# Master's Degrees



## J.L. Allen (Mar 21, 2019)

Howdy folks,

My wife is thinking about eventually completing her Master's degree (she took a few classes from The Master's College right after her undergrad) some time in the future. 

She just wants straight up Bible. I would like to point her to more reformed (Presbyterian or Reformed) schools that are solid. However, there are other solid options. She would like for it to be all online but might be open to the occasional intensive on campus. We can't relocate that easy.

What say ye?

Reactions: Like 1


----------



## ZackF (Mar 21, 2019)

Johnathan Lee Allen said:


> Howdy folks,
> 
> My wife is thinking about eventually completing her Master's degree (she took a few classes from The Master's College right after her undergrad) some time in the future.
> 
> ...


Why does she want a masters degree?

Reactions: Like 1


----------



## J.L. Allen (Mar 21, 2019)

ZackF said:


> Why does she want a masters degree?


She has a biblical counseling undergrad and has thought about expanding her education to bolster her counseling abilities. She also works in Christian publishing and Bible knowledge has helped a lot already. 

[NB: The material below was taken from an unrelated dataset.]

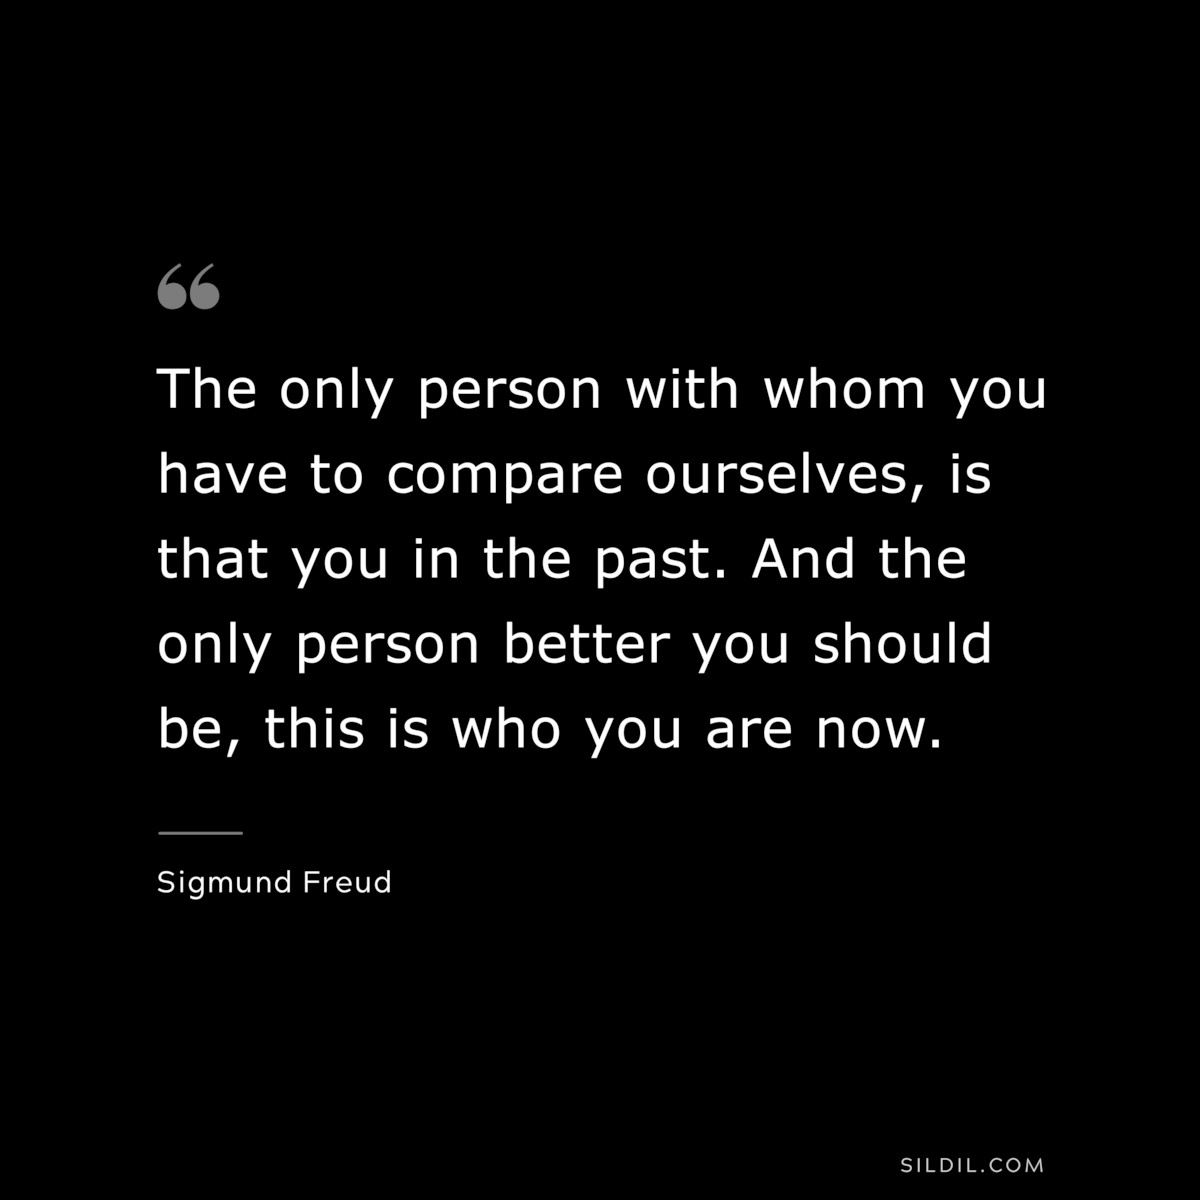 The only person with whom you have to compare ourselves, is that you in the past. And the only person better you should be, this is who you are now. ― Sigmund Frued

I encourage her to continue sitting under solid teaching in an academic setting.

Reactions: Like 2


----------



## B.L. (Mar 21, 2019)

Perhaps look into RTS Global or WTS Online.

Reactions: Like 2


----------



## iainduguid (Mar 21, 2019)

Westminster now has an online MA in Counseling and a more general online MA in Christian Studies. We've received some designated funding that has enabled us to raise the bar on what most people think of as "online education", which I find very exciting. We continue to roll out electives for these including my Biblical Theology of Worship class, and a new class on Christianity and Culture with Bill Edgar (including interviews with Tim Keller and a tour of an art gallery). I'm very excited about the potentiality that online gives us, though we're committed to keeping our MDiv residential because of the formative nature of relationships in pastoral education.
(Full disclosure: I'm Dean of our Online Learning program).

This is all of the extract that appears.